Government launches £7.3bn National Wealth Fund – reaction

by | Jul 10, 2024

Following the announcement from Chancellor Rachel Reeves that the UK National Wealth Fund is now underway to power green investments and infrastructure development as ‘new industries of the future’, as outlined in the Labour party manifesto.

Headed by a taskforce including former BoE Governor, Mark Carney, the strategy behind the National Wealth Fund is intended to boost the Chancellor’s drive for growth which underpins her economic strategy.

Commenting on the news, Louis Taylor, CEO, British Business Bank said “We welcome this announcement by the Chancellor, Rachel Reeves, that a new National Wealth Fund will be established to drive economic growth and unlock investment in the UK.  Key institutions, including the British Business Bank and the UK Infrastructure Bank, will become aligned under the new National Wealth Fund to invest in the new industries of the future, supporting the government’s new Industrial Strategy.

This announcement is a strong endorsement of the British Business Bank’s 10-year track record, broad skills and capabilities including our position as the UK’s largest domestic investor in venture and venture growth capital and the most active late-stage investor in UK life sciences and deeptech.

We expect the National Wealth Fund to create a single coherent governmental offer for businesses and a compelling proposition for investors that will help mobilise billions more in private investment in line with a lot of our recent work, enabling us to catalyse external institutional capital, including pension fund investment, into UK high potential companies, by leveraging the British Business Bank’s scale, networks, and track record.”

Also commenting, James Walton, Partner in the Banking & Finance team at law firm Charles Russell Speechlys, said about the new scheme : “There is a huge wall of private capital out there with appetite to invest in the UK, particularly across the sectors which the National Wealth Fund appears to be focussed on – green and high growth industries.  We can expect that there will be significant interest in the scheme from investors, but the acid test will be how accessible the funds are for the relevant businesses.
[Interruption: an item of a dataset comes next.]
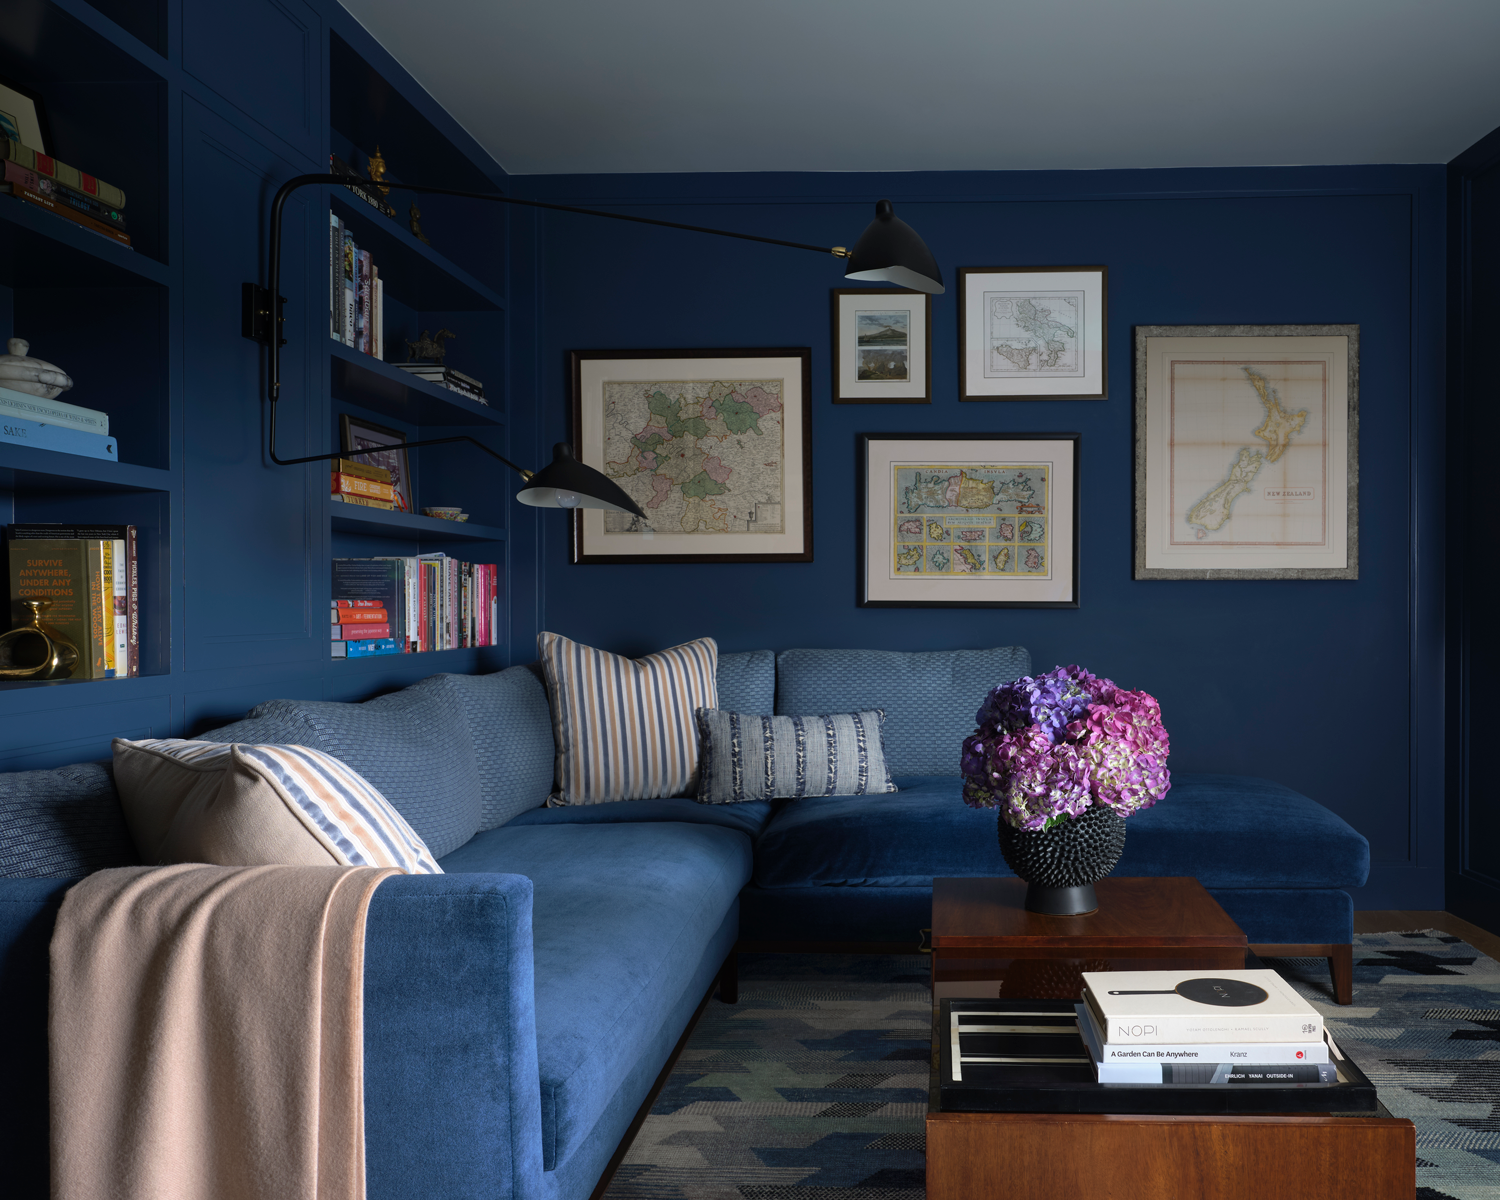 The 10 Best Navy Blue Paint Colors, Per Designers

When developing these schemes, legally there is a lot to think about to ensure that funds are allocated in the right places for the right reasons.”

Nigel Peaple, Director of Policy and Advocacy at the PLSA said:In examining the role pensions might play in providing additional investment in UK growth assets, the PLSA recommended last year that the Government take steps, alongside the British Business Bank, to improve the pipeline of investible assets available to pension funds. We welcome the Government acting decisively to set out plans for a National Wealth Fund for this purpose and look forward to working in partnership to help develop solutions that work for savers, pension funds and the economy.”
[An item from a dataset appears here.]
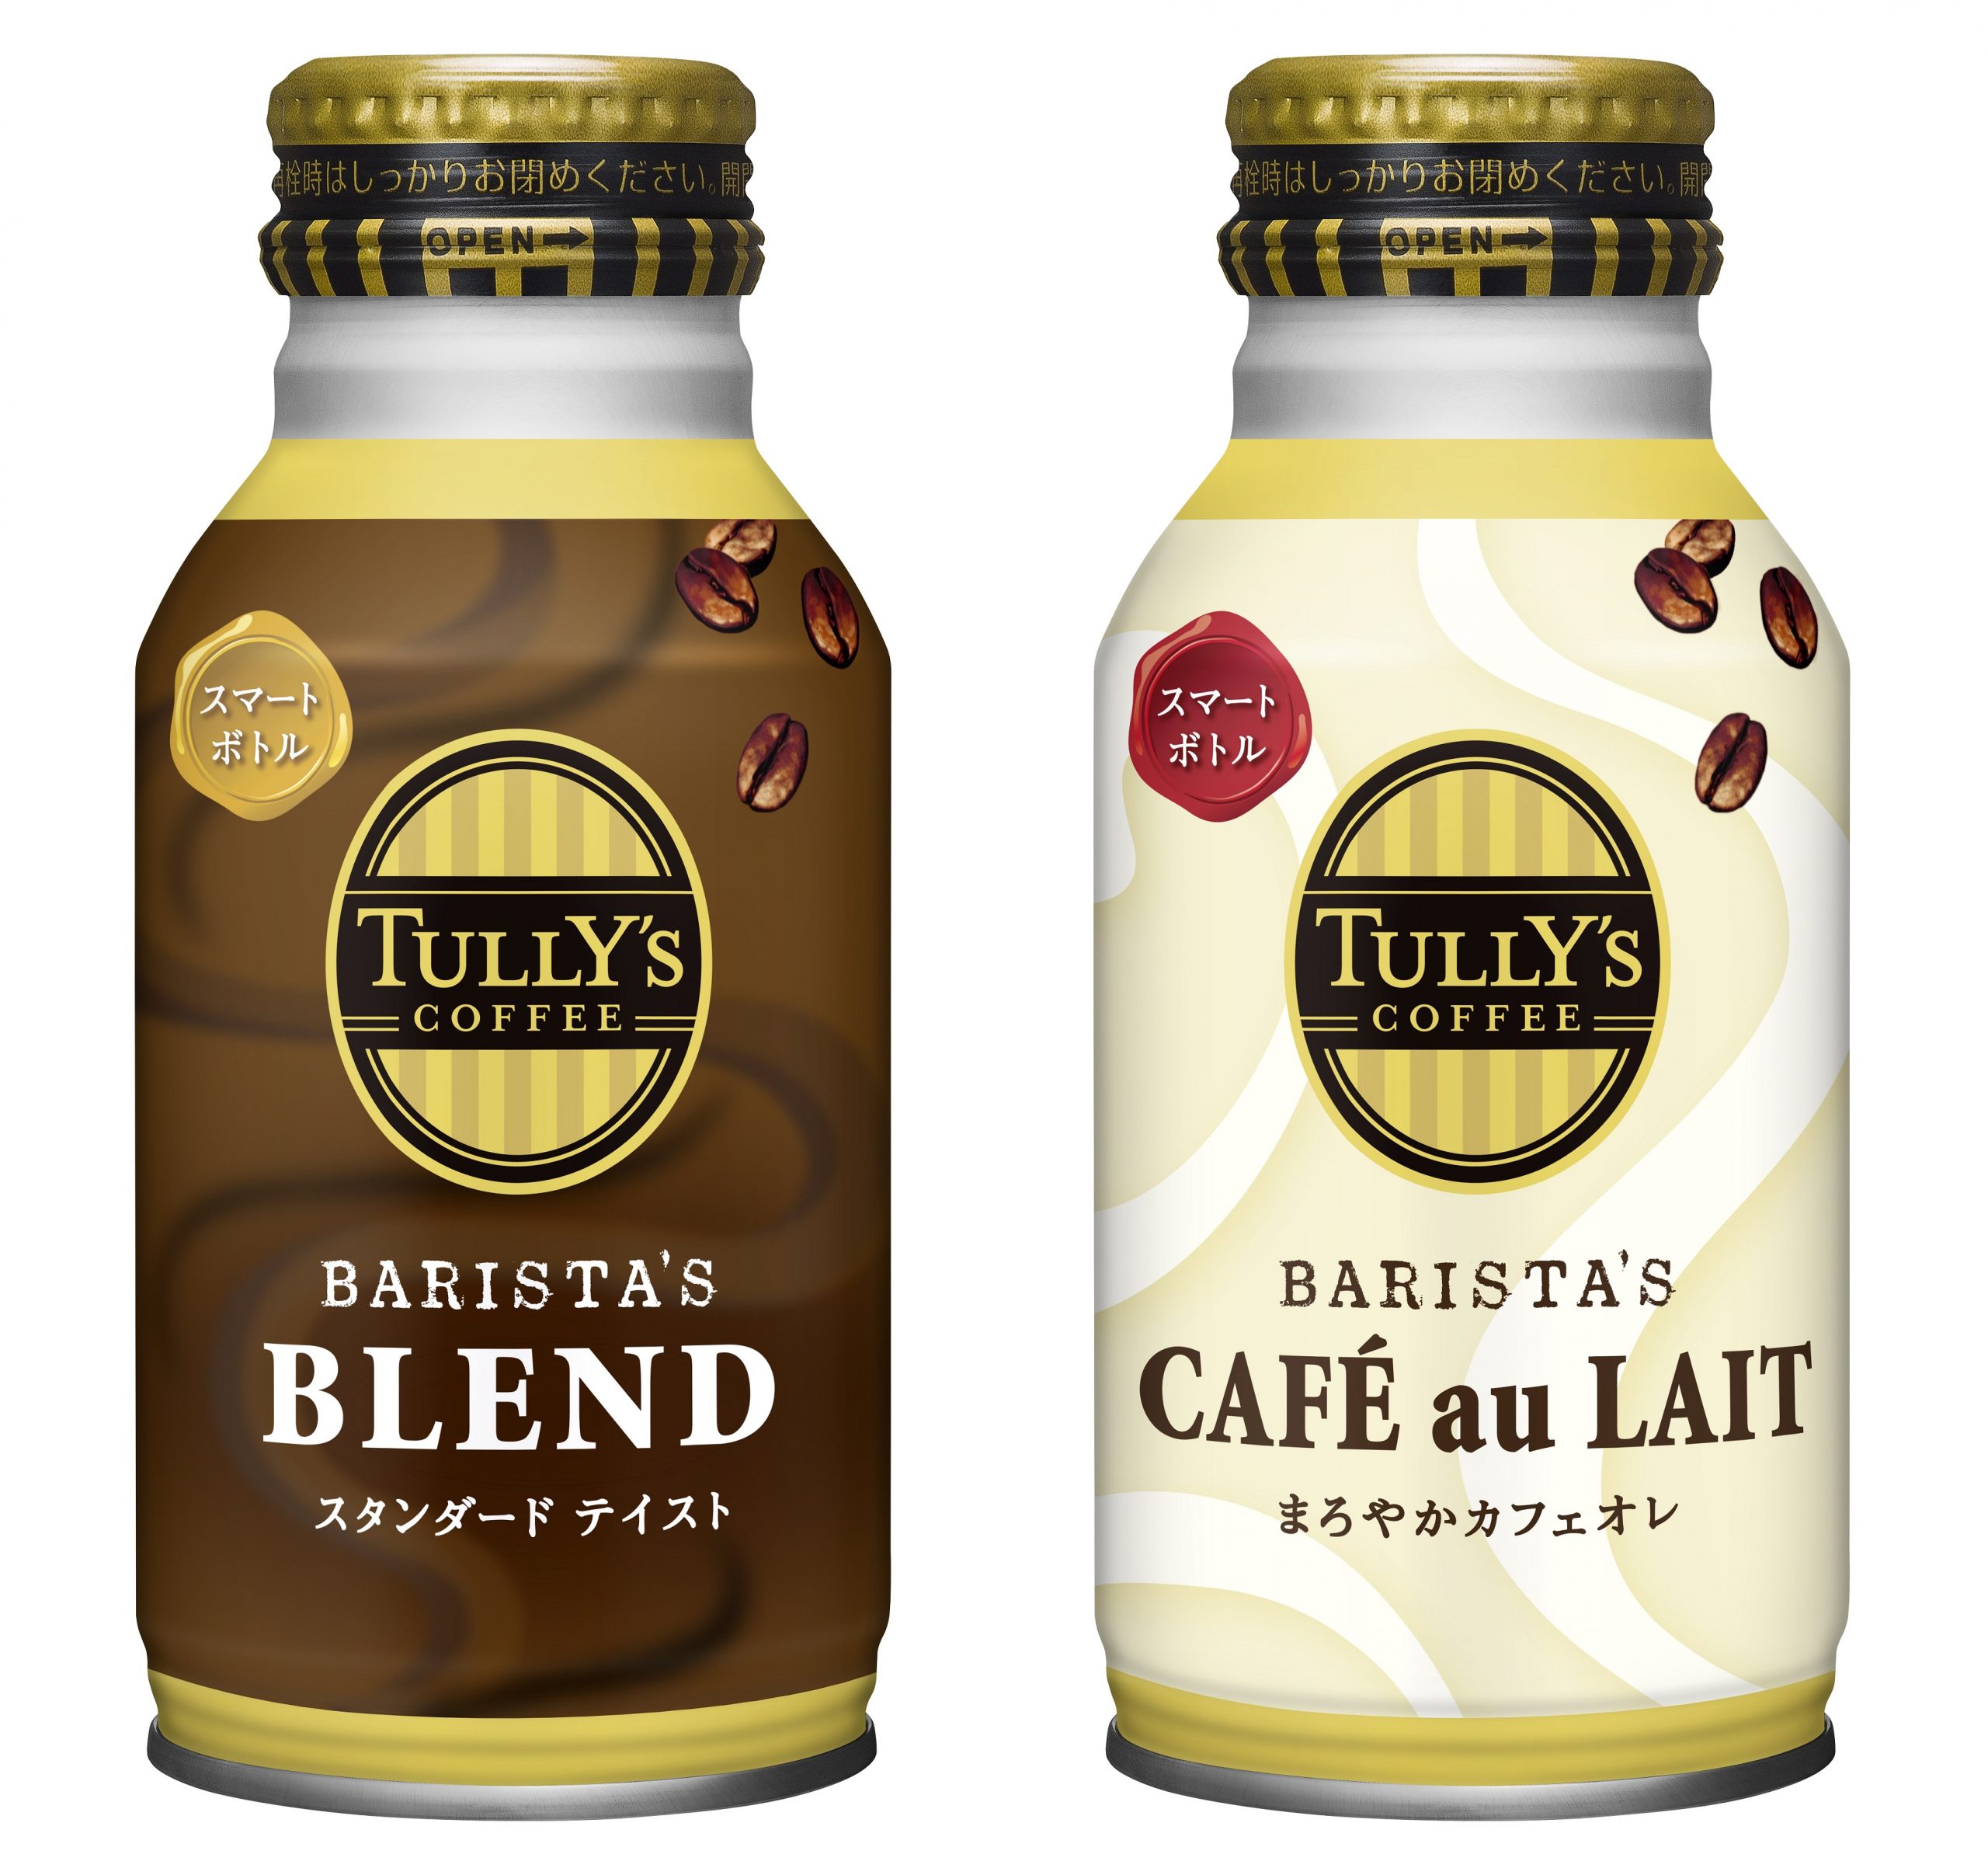 左から「TULLY'S COFFEE BARISTA’S BLEND」「同 BARISTA’S CAFÉ au LAIT」

Naureen Zahid, Director of Investor Relations at OpenOcean, said: “This can’t become merely a rebranding exercise. It’s reassuring to see the government resolve any confusion between the UK Infrastructure Bank (UKIB) and National Wealth Fund (NWF). However, clear differentiation and streamlined operations are essential to avoid bureaucratic redundancies that could hamper the fund’s effectiveness. Investors will be watching closely to ensure that the NWF genuinely catalyses growth rather than just shifting existing structures around.

While working with local mayors to tailor finance and investment strategies for specific needs is a step in the right direction, the government must set out clear plans for regional investment ecosystems across the country. By providing various investment opportunities without dictating asset allocation and sharing information on different performance metrics, it can create incentives to invest, rather than mandates. This means building confidence, especially among those invested within private markets who have been apprehensive in investing in the country. That is a key prerequisite before the government sees real action, translating as reduced and stable inflation figures close to its target, guided by strong macroeconomic policy.”